• _Work item_
Give every line of the data again, unchanged, but with no pictures.

• _Provided data_
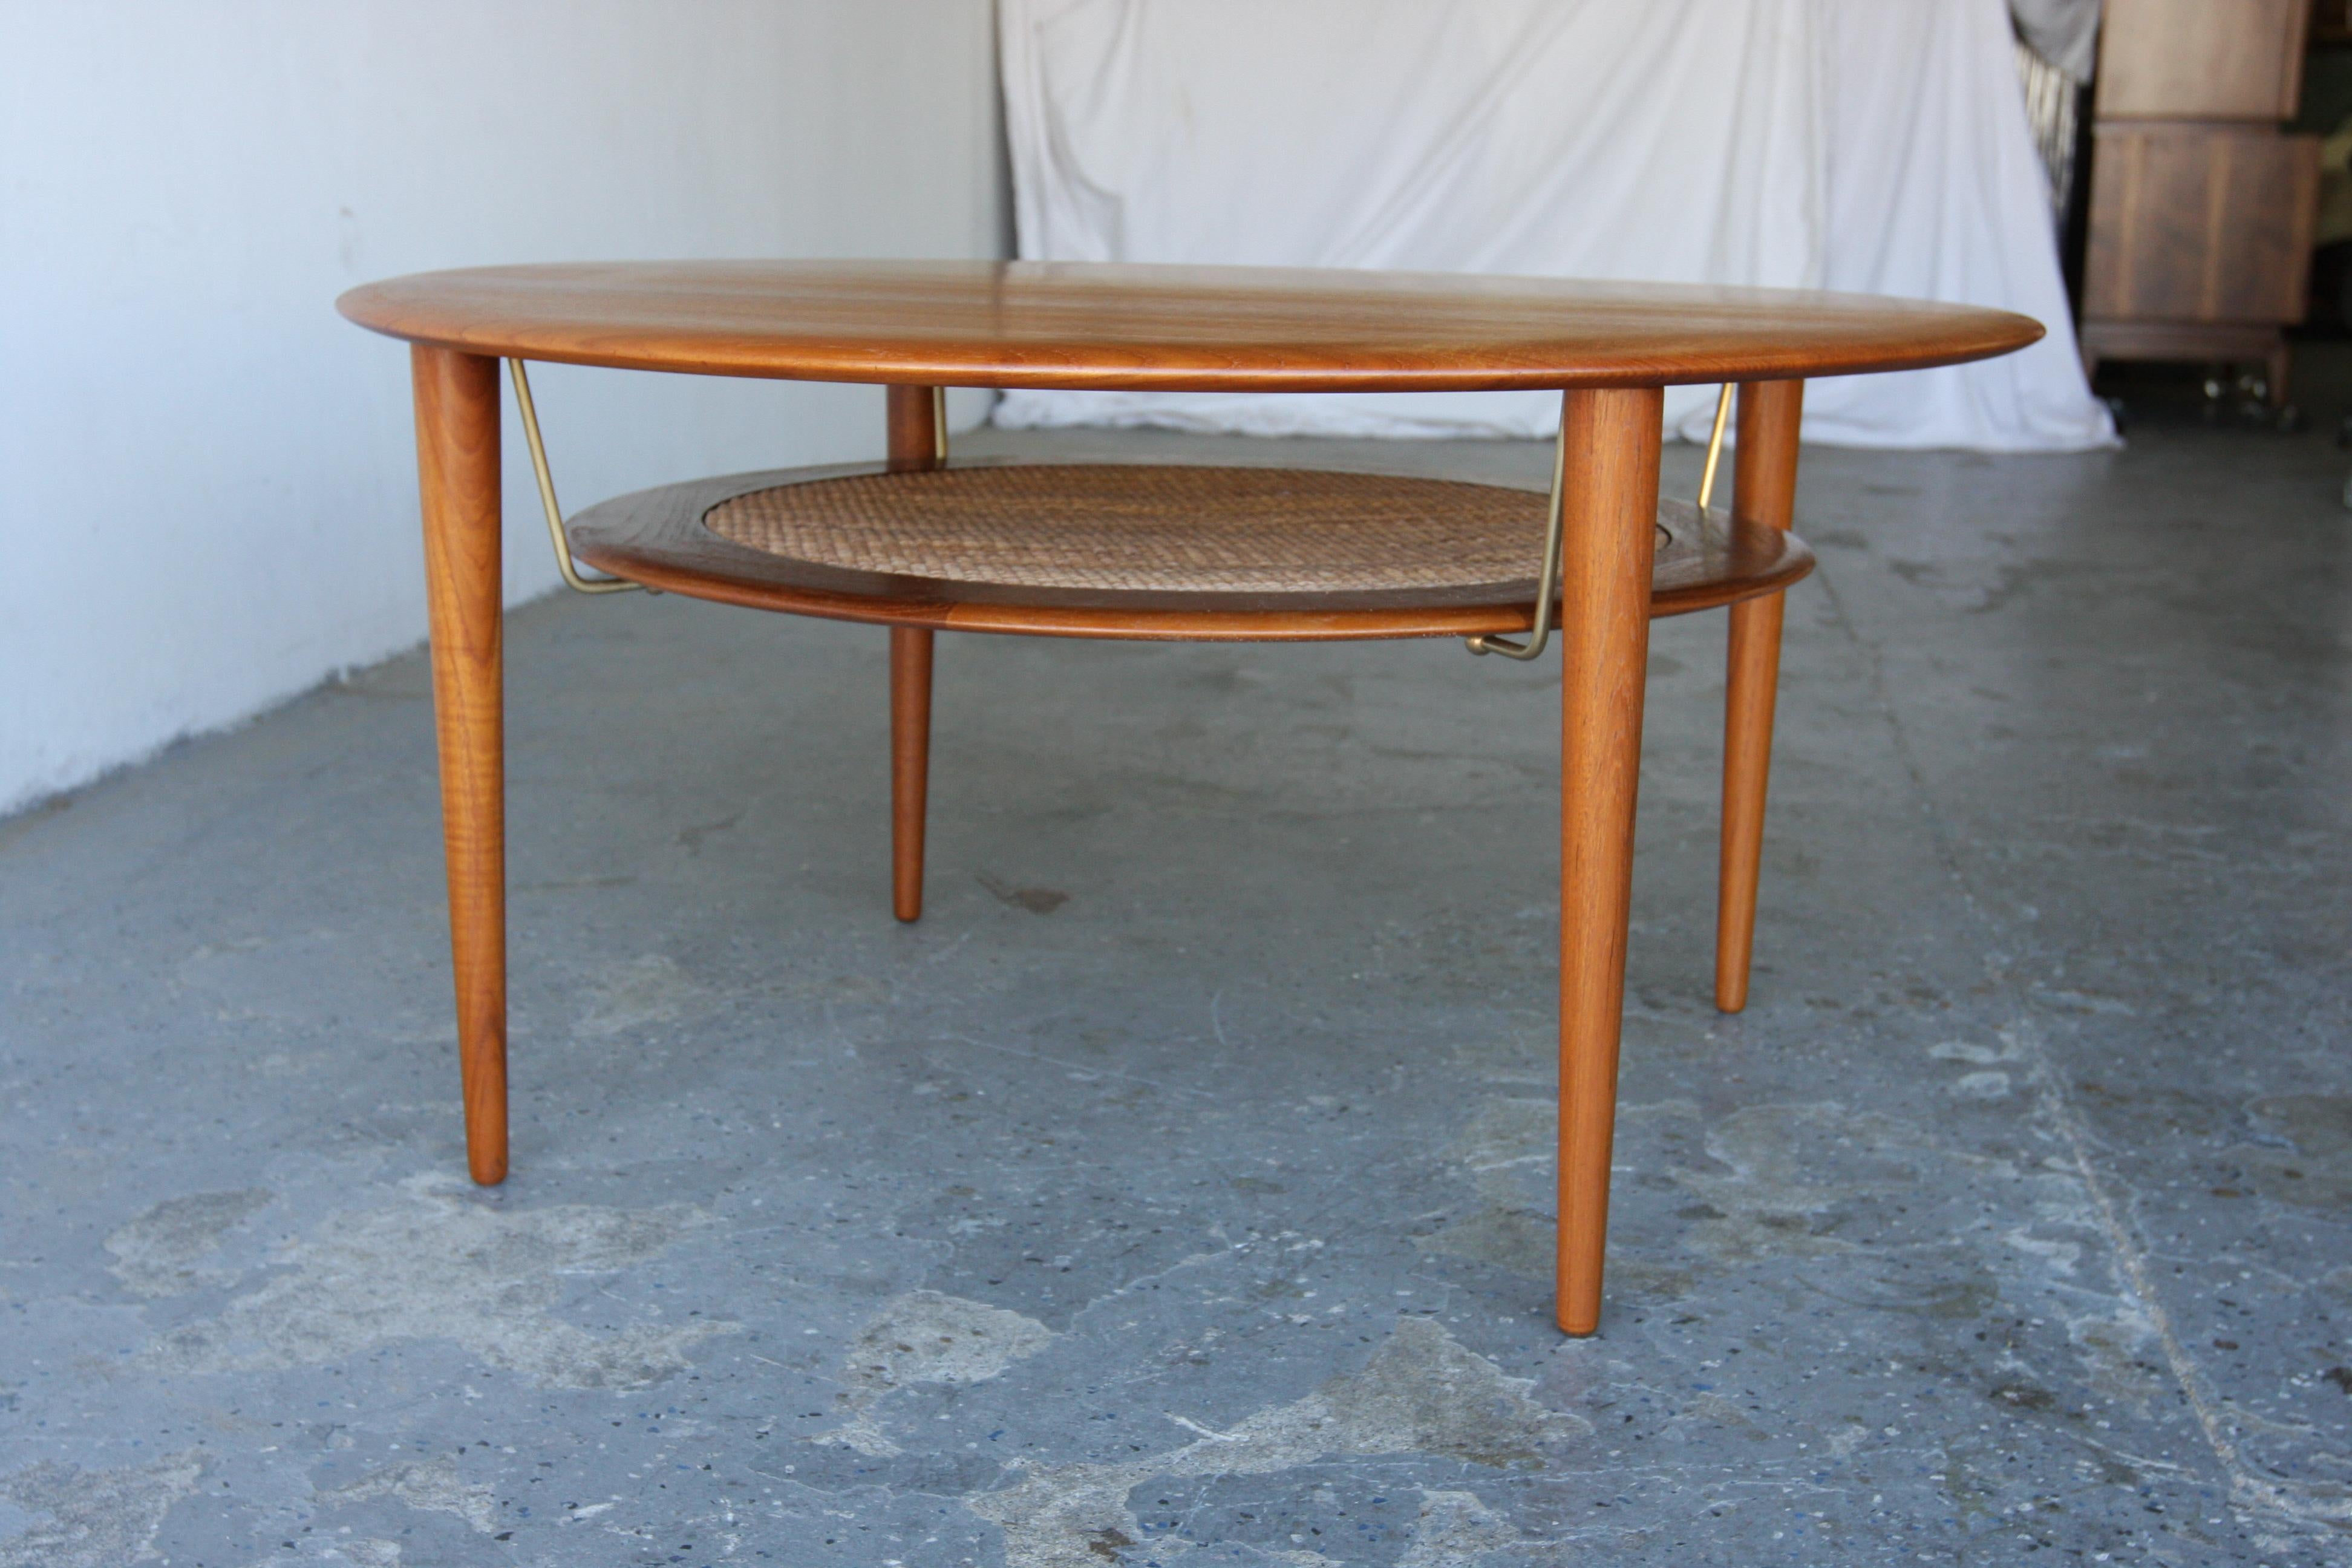 Magnifique table basse ronde conçue par Peter Hvidt & Orla Molgaard Nielsen et fabriquée par France & Son, Danemark années 1960. La table est en teck massif (ce qui est assez rare, la plupart des tables basses sont plaquées).

Table basse moderne
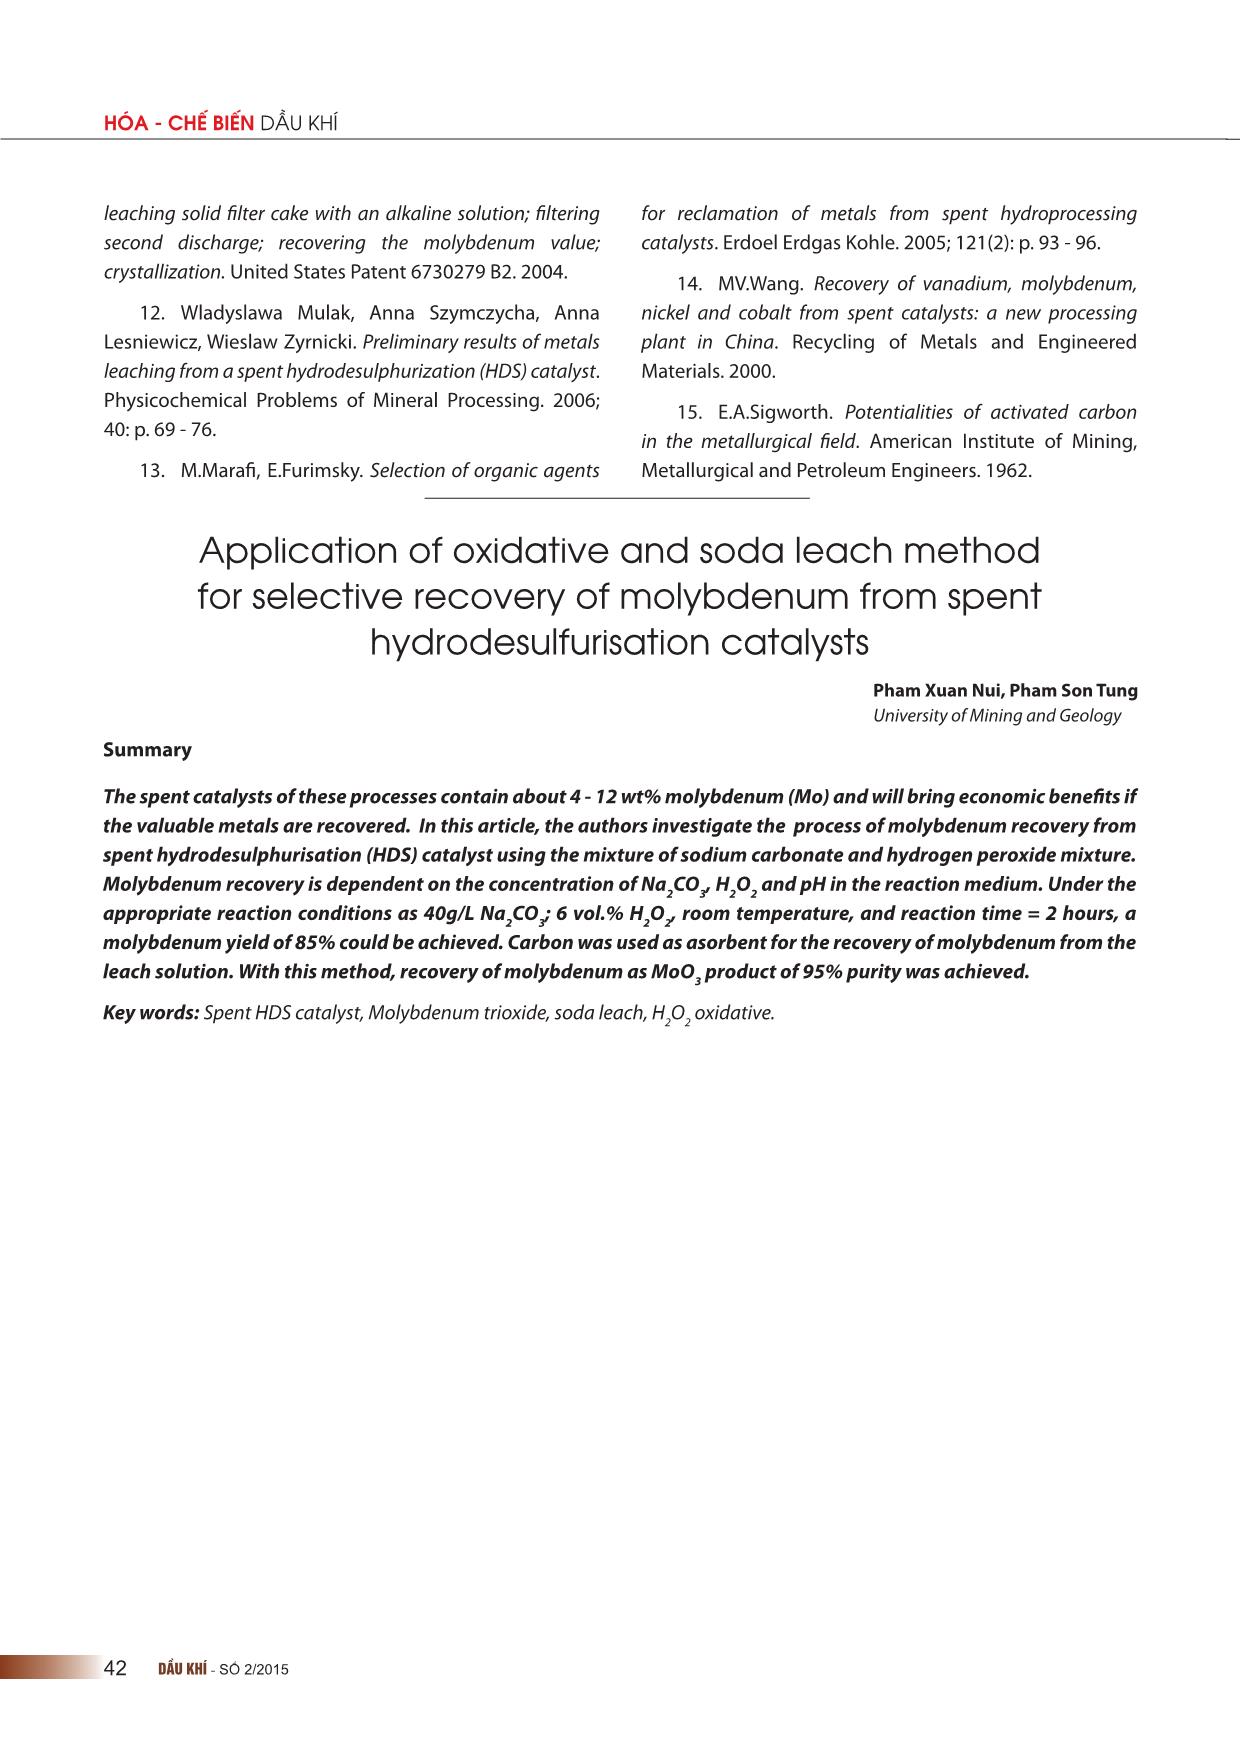 Ứng dụng phương pháp ngâm chiết soda và tác nhân oxy hóa để thu hồi chọn lọc molybdenum từ xúc tác thải của quá trình hydrodesulphur hóa trang 7

• _Result of the exercise_
 Magnifique table basse ronde conçue par Peter Hvidt & Orla Molgaard Nielsen et fabriquée par France & Son, Danemark années 1960. La table est en teck massif (ce qui est assez rare, la plupart des tables basses sont plaquées).

Table basse moderne
 Ứng dụng phương pháp ngâm chiết soda và tác nhân oxy hóa để thu hồi chọn lọc molybdenum từ xúc tác thải của quá trình hydrodesulphur hóa trang 7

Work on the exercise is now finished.